In January 2021, the company bagged 10 contract awards worth a total value of $163.9 million. While that’s not too bad on the face of things, Raytheon’s contract value decreased on a sequential basis, falling to $0.2 billion from $1.7 billion.
Another major issue is that President Biden has momentarily halted some direct commercial sales (DCS) worth $478 million to Saudi Arabia. There is a chance that the sales still go through, but geopolitical tensions between the two countries could come in the way of any future deals. The loss has already been recognized in the Q4 earnings report.
Amidst all this, Raytheon’s commercial aircraft segment is one strong reason to invest in the company. Now that vaccines are rolling out, investors are hoping that airlines will now make a comeback. That should help the company in some measure, considering the size of its aircraft segment.
Overall though, RTX is a very stable performer. In the last 12 quarters, it has outperformed expectations every time, according to Seeking Alpha data.
Since the company’s products are mission-critical, have a long product lifecycle, and produce recession-resistant cash flow, RTX makes my list of affordable, bankable defense stocks nine times out of ten.
Northrop Grumman (NOC)
The final name on this list of defense stocks might strike you as familiar if you follow blockbuster deals in the defense industry. On Feb. 2, Northrop Grumman completed its IT services business’s divestment for $3.4 billion to a Veritas Capital affiliate.
The global aerospace and defense technology company said the deal would allow it to focus more on its core business areas, with proceeds from the deal earmarked for share repurchases and debt retirement.
Separately, NASA awarded an $84.5 million contract to the Falls Church-based defense contractor earlier this month. Under the agreement, the company will provide support and products for spaceflight missions at the agency’s Marshall Space Flight Center in Huntsville, Alabama.

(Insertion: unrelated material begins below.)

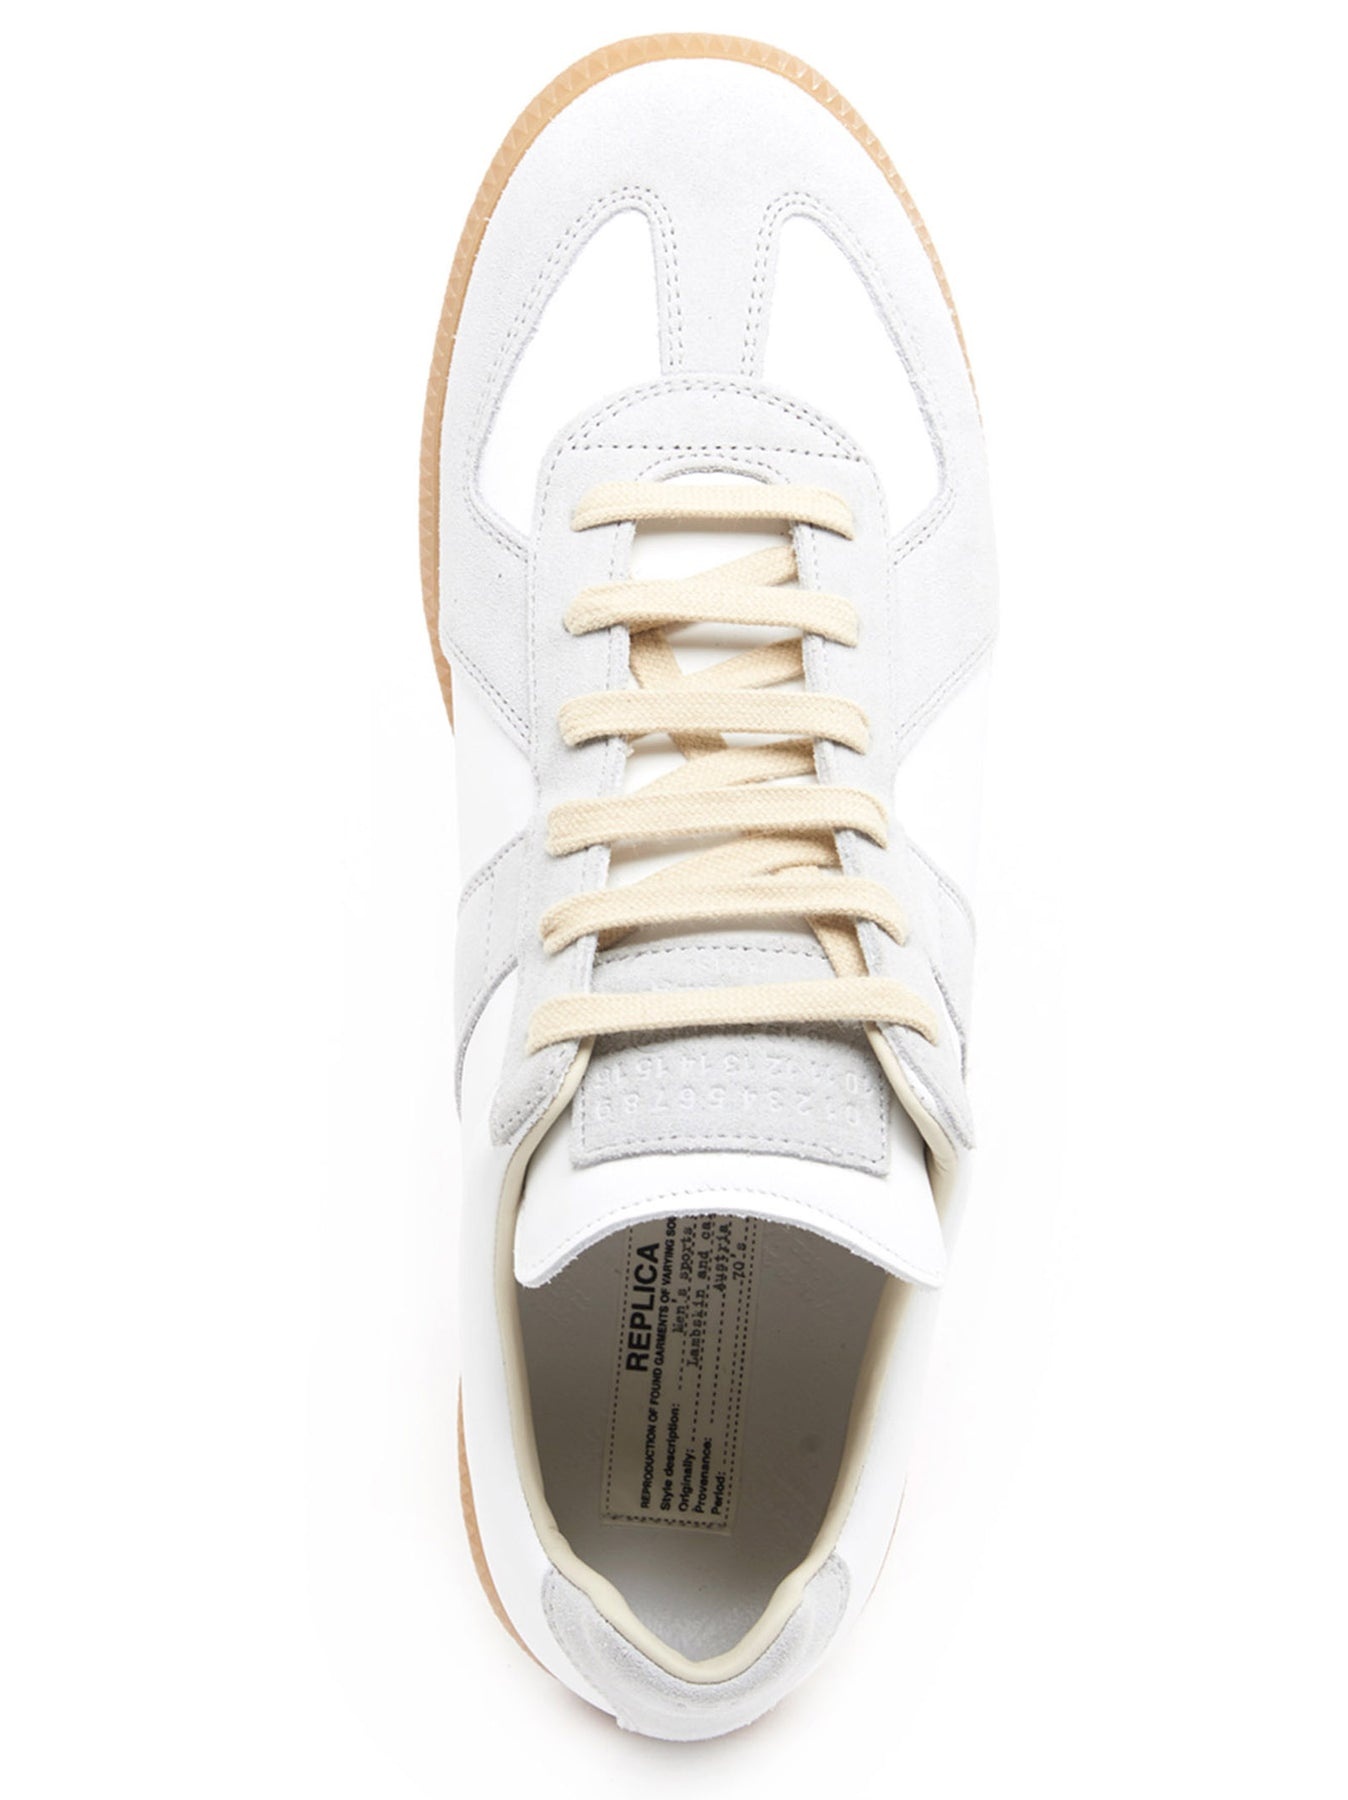 Replica Sneakers White - 3

From a fundamental perspective, NOC is one of the strongest performers in the industry. Revenues are growing at a rapid clip, and it has used its burgeoning cash flows to reward shareholders in the form of buybacks and dividend payouts.
As I write this, TipRanks has an average price target of $363.71 a pop on the stock, a 20% upside.
Despite a challenging year, fourth-quarter 2020 sales rose $1.5 billion, or 17%, and 2020 sales jumped $3.0 billion, or 9%. Gross margin and return on equity are at a very healthy 20.3% and 30.1%, respectively. It’s not surprising, since we are dealing with a company with several excellent government contracts.
Dividends are growing at a consistent pace for the last 10 years. Despite the pandemic, the company boosted quarterly payments by 9.85% last year.
Meanwhile, the Falls Church defense giant has outlined a plan to repurchase $3 billion in stock in 2021. For all these reasons and more, it’s surprising that NOC stock is trading at 12.7 times forward price-to-earnings. But that means it’s a steal for you at current rates.
On the date of publication, Faizan Farooque did not have (either directly or indirectly) any positions in the securities mentioned in this article.